Please repeat only the lines below starting at the line that holds "wyciąg grawand, italy, mountain, góry" and ending at the line that holds "Sandy Sansing Chevrolet", exactly, with both of those lines included and every picture omitted.

◆ **MATERIAL SHOWN**
☆ ☆ ☆ ☆ ☆ ☆ ☆

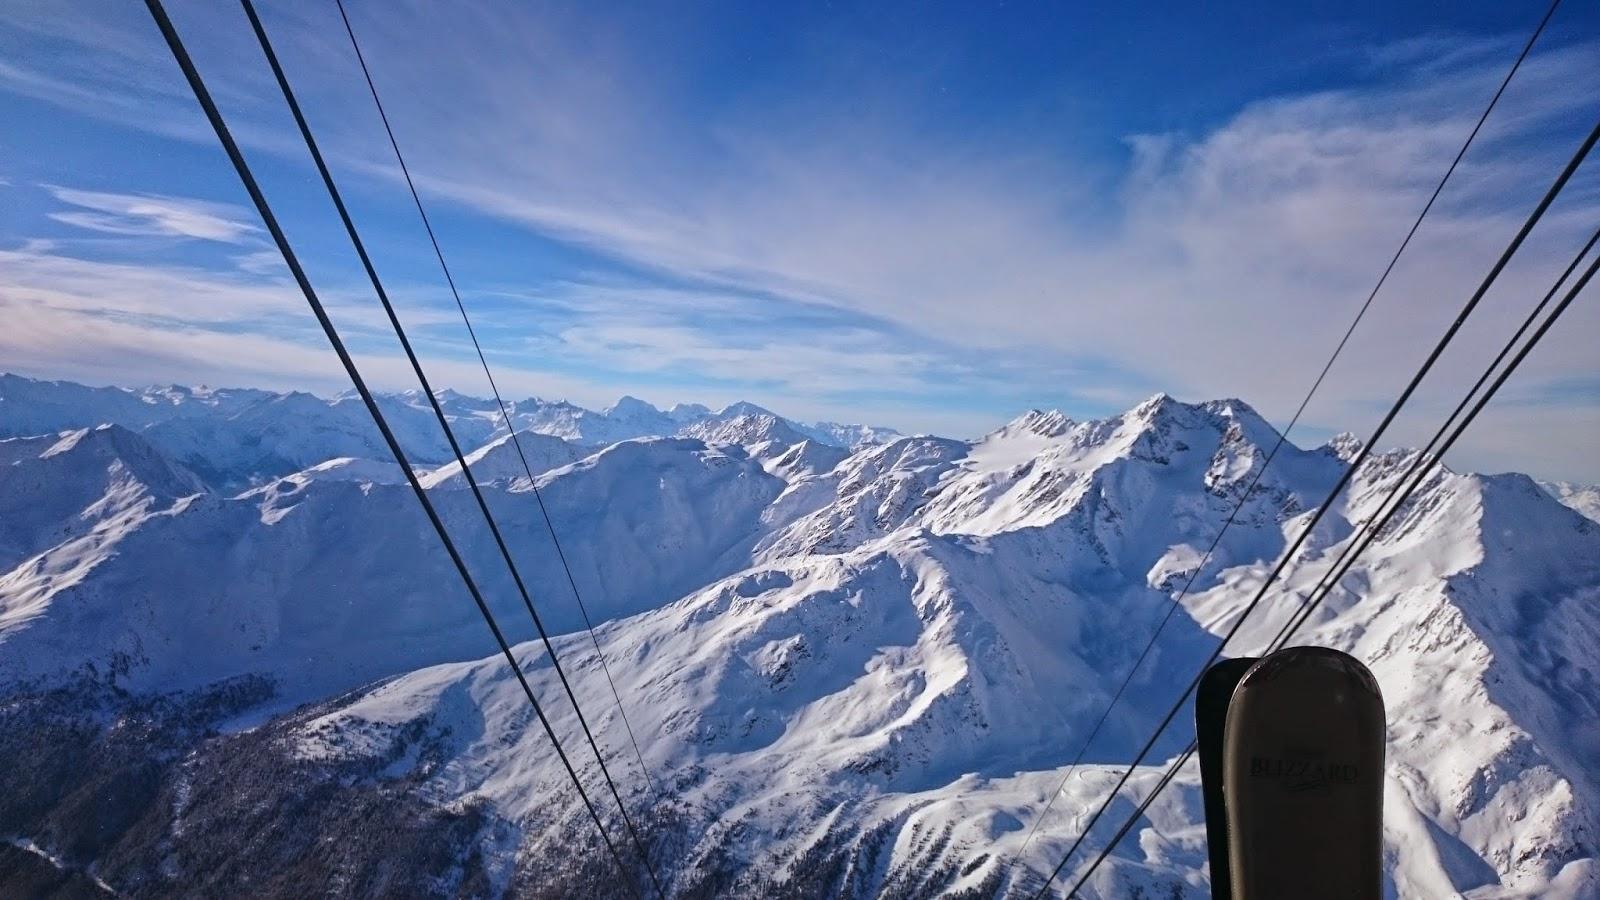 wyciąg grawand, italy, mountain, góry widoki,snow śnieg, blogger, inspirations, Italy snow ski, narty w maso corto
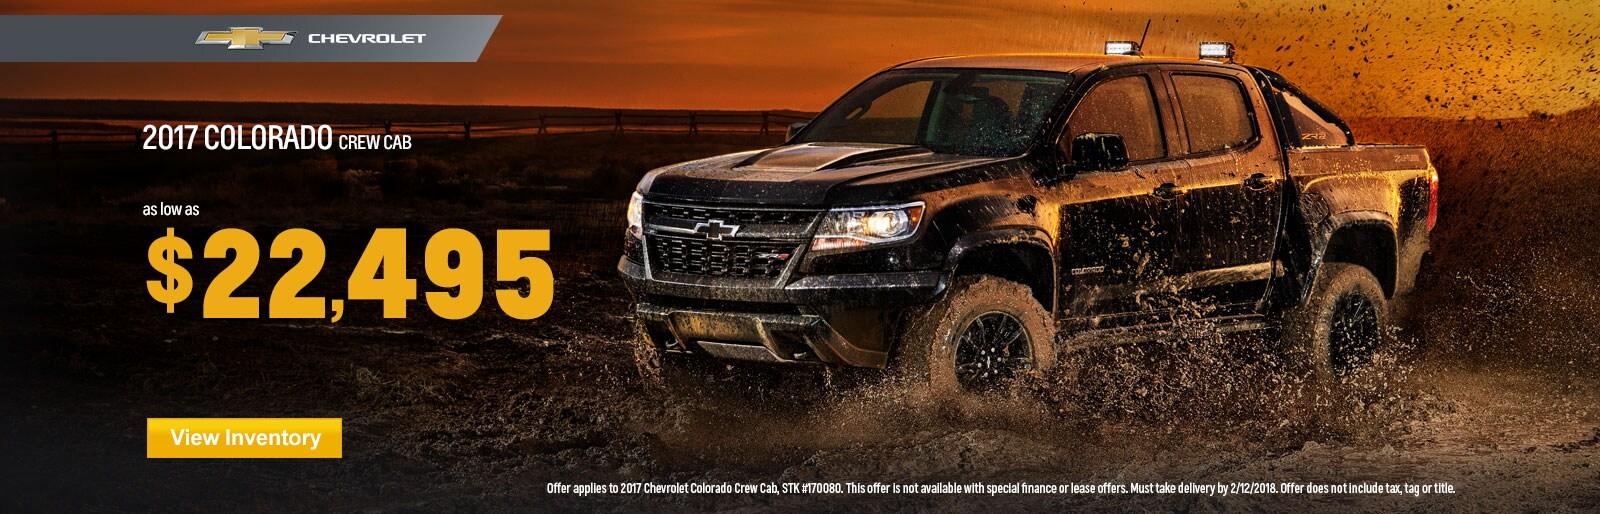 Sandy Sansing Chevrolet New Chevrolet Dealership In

☆ ☆ ☆ ☆ ☆ ☆ ☆

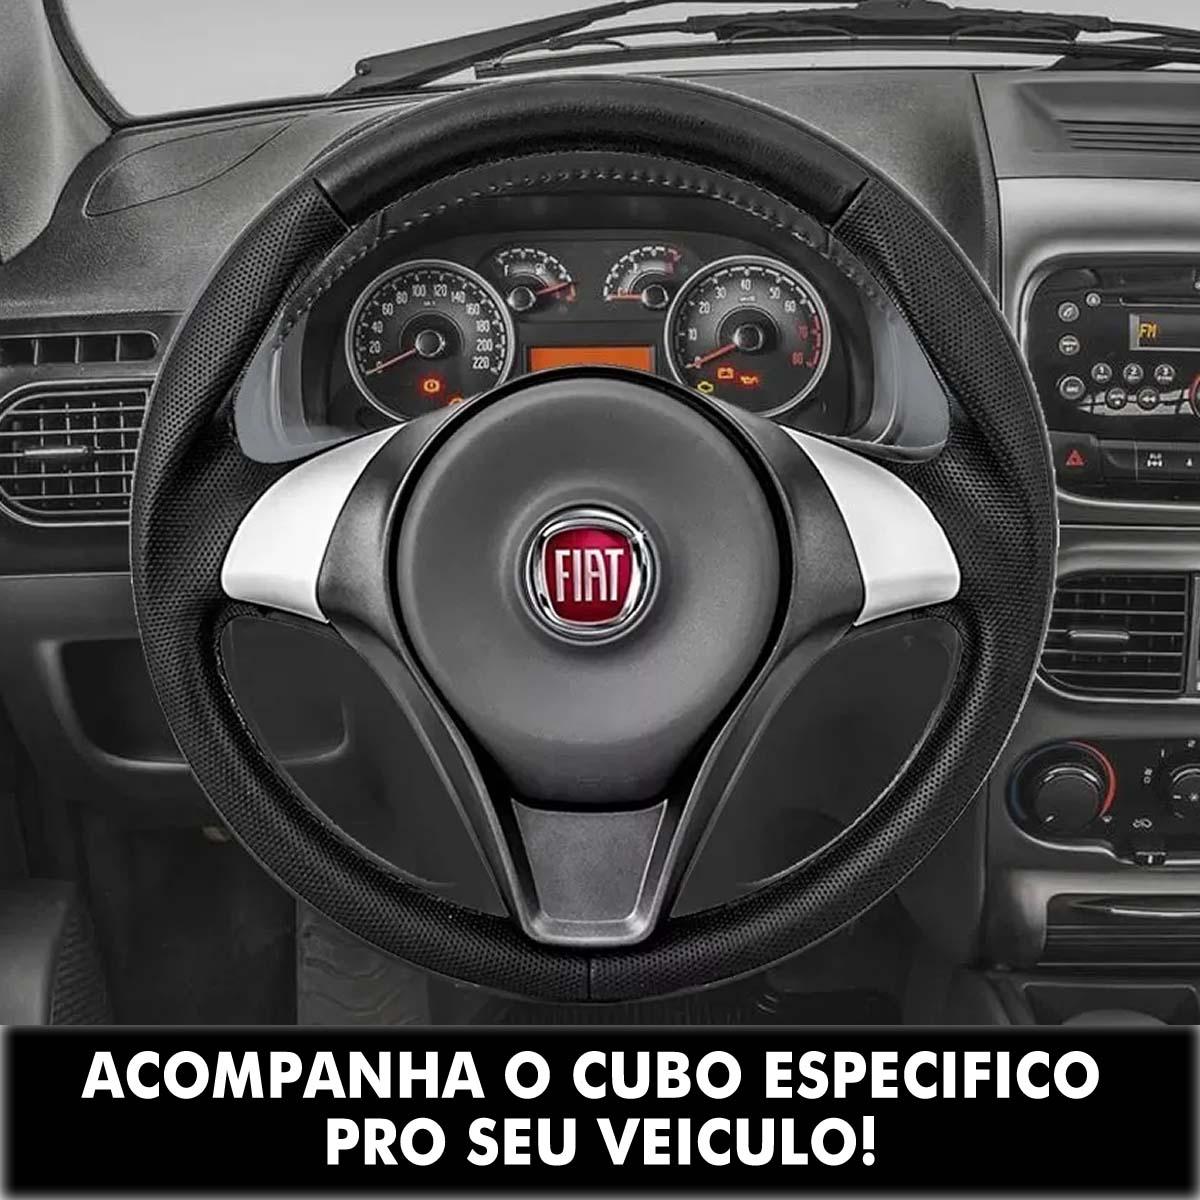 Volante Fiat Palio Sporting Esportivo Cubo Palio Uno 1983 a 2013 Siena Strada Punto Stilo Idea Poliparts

☆ ☆ ☆ ☆ ☆ ☆ ☆

◆ **EXPECTED ANSWER**
 wyciąg grawand, italy, mountain, góry widoki,snow śnieg, blogger, inspirations, Italy snow ski, narty w maso corto
 Sandy Sansing Chevrolet New Chevrolet Dealership In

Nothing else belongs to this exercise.